= Function of a real variable =

Mathematical function

In mathematics, a function of a real variable is a function whose domain is a subset of $\mathbb{R}$. Many real functions that are often encountered have their domain contain an interval of non-empty interior, and may be continuous, or have some degree of smoothness, over one or more intervals, each of non-empty interior, in the domain. In older texts, the theory of functions of a real variable is often synonymous with what is usually now called real analysis.

The most widely considered such functions are the real functions, which are the real-valued functions of a real variable, that is, the functions of a real variable whose codomain is the set of real numbers.

Nevertheless, the codomain of a function of a real variable may be any set. However, it is often assumed to have a structure of $\mathbb{R}$-vector space over the reals. That is, the codomain may be a Euclidean space, a coordinate vector, the set of matrices of real numbers of a given size, or an $\mathbb{R}$-algebra, such as the complex numbers or the quaternions. The structure $\mathbb{R}$-vector space of the codomain induces a structure of $\mathbb{R}$-vector space on the functions. If the codomain has a structure of $\mathbb{R}$-algebra, the same is true for the functions.

The image of a function of a real variable is a curve in the codomain. In this context, a function that defines curve is called a parametric equation of the curve.

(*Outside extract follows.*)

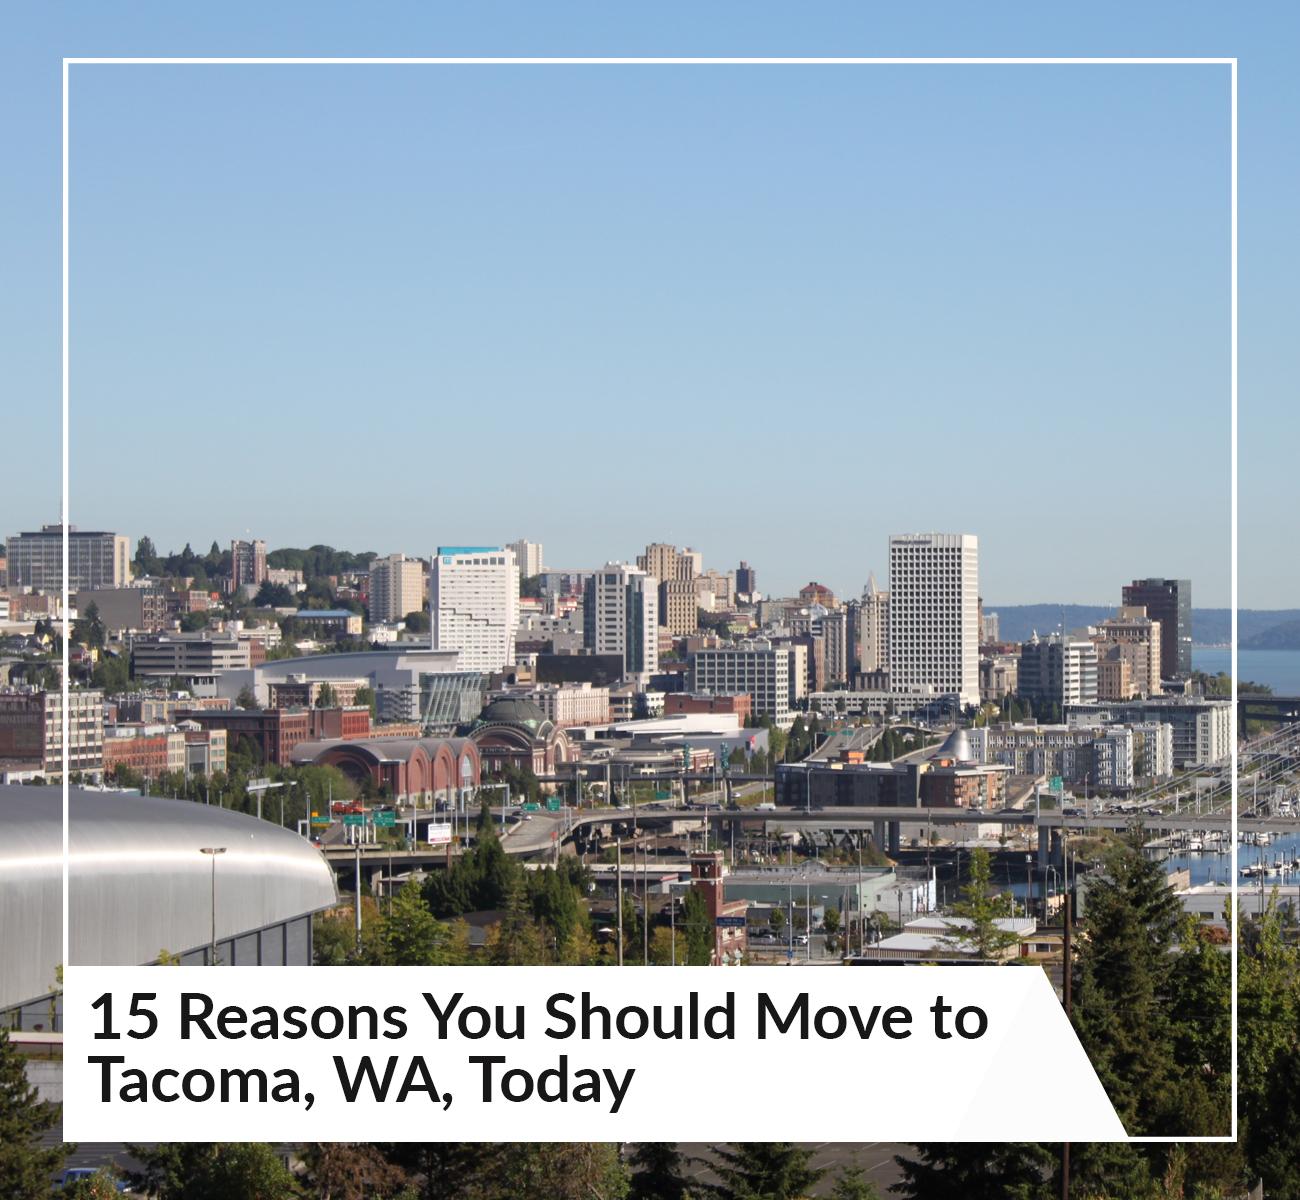 Moving To Tacoma, WA

When the codomain of a function of a real variable is a finite-dimensional vector space, the function may be viewed as a sequence of real functions. This is often used in applications.

==Real function==

The graph of a real function

A real function is a function from a subset of $\mathbb R$ to $\mathbb R,$ where $\mathbb R$ denotes as usual the set of real numbers. That is, the domain of a real function is a subset $\mathbb R$, and its codomain is $\mathbb R.$ It is generally assumed that the domain contains an interval of positive length.

===Basic examples===

For many commonly used real functions, the domain is the whole set of real numbers, and the function is continuous and differentiable at every point of the domain. One says that these functions are defined, continuous and differentiable everywhere. This is the case of:
- All polynomial functions, including constant functions and linear functions
- Sine and cosine functions
- Exponential function

Some functions are defined everywhere, but not continuous at some points. For example
- The Heaviside step function is defined everywhere, but not continuous at zero.

Some functions are defined and continuous everywhere, but not everywhere differentiable. For example
- The absolute value is defined and continuous everywhere, and is differentiable everywhere, except for zero.
- The cubic root is defined and continuous everywhere, and is differentiable everywhere, except for zero.

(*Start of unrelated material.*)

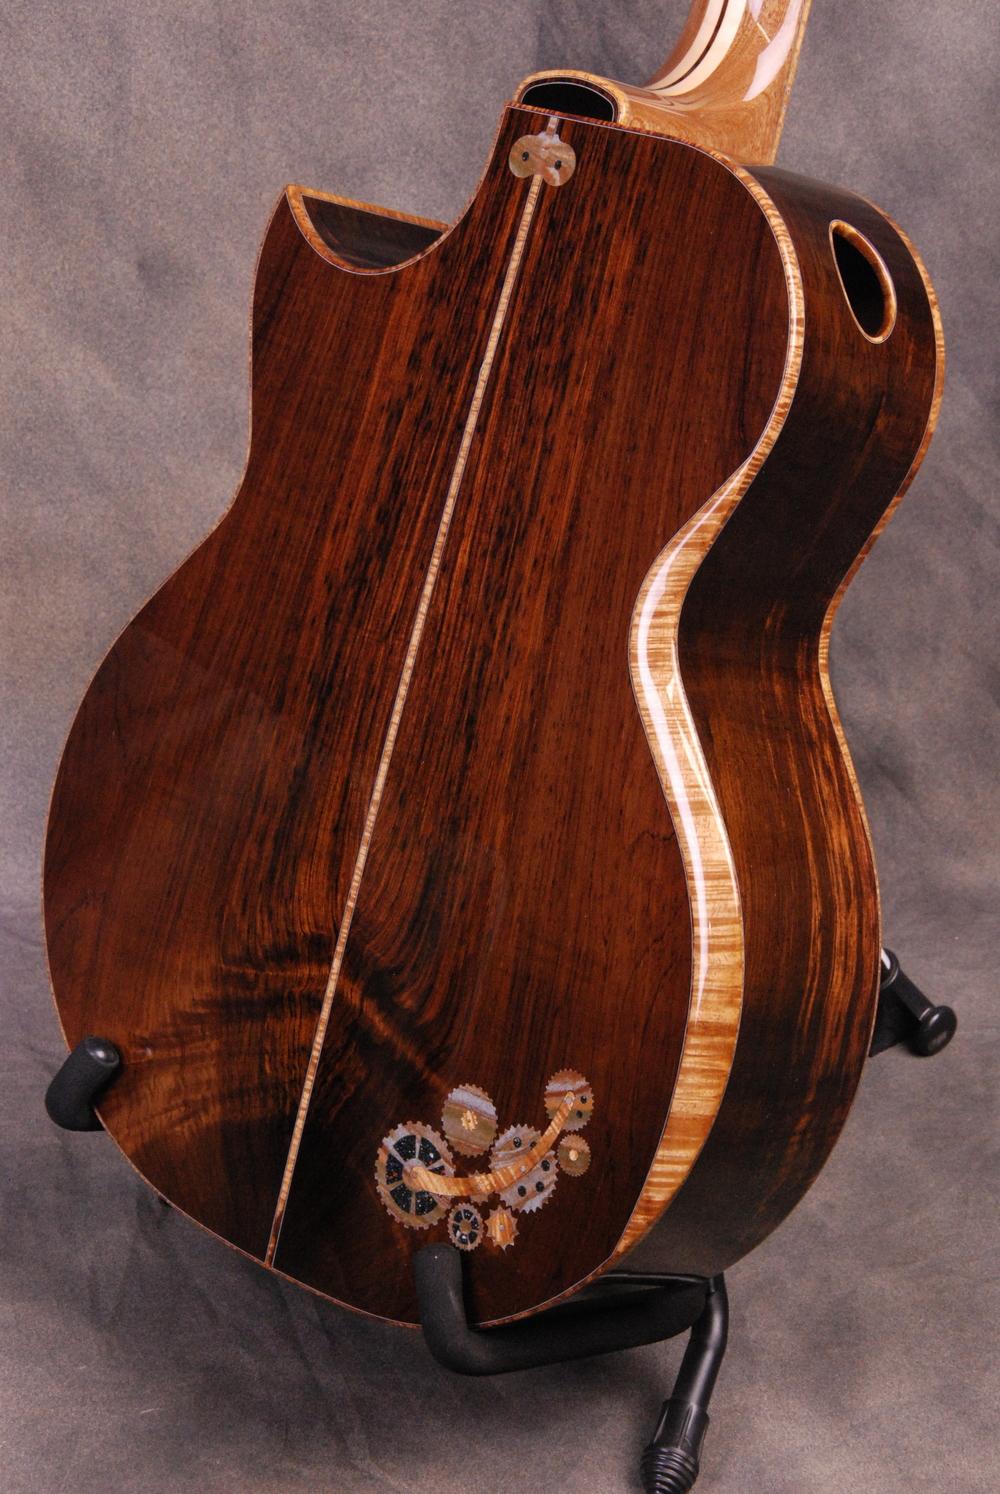 S/N 400 - Brazilian Rosewood Back & Sides, Interior Cedar Top

Many common functions are not defined everywhere, but are continuous and differentiable everywhere where they are defined. For example:
- A rational function is a quotient of two polynomial functions, and is not defined at the zeros of the denominator.
- The tangent function is not defined for $\frac\pi 2 + k\pi,$ where k is any integer.
- The logarithm function is defined only for positive values of the variable.

Some functions are continuous in their whole domain, and not differentiable at some points. This is the case of:
- The square root is defined only for nonnegative values of the variable, and not differentiable at 0 (it is differentiable for all positive values of the variable).

==General definition ==

A real-valued function of a real variable is a function that takes as input a real number, commonly represented by the variable x, for producing another real number, the value of the function, commonly denoted f(x). For simplicity, in this article a real-valued function of a real variable will be simply called a function. To avoid any ambiguity, the other types of functions that may occur will be explicitly specified.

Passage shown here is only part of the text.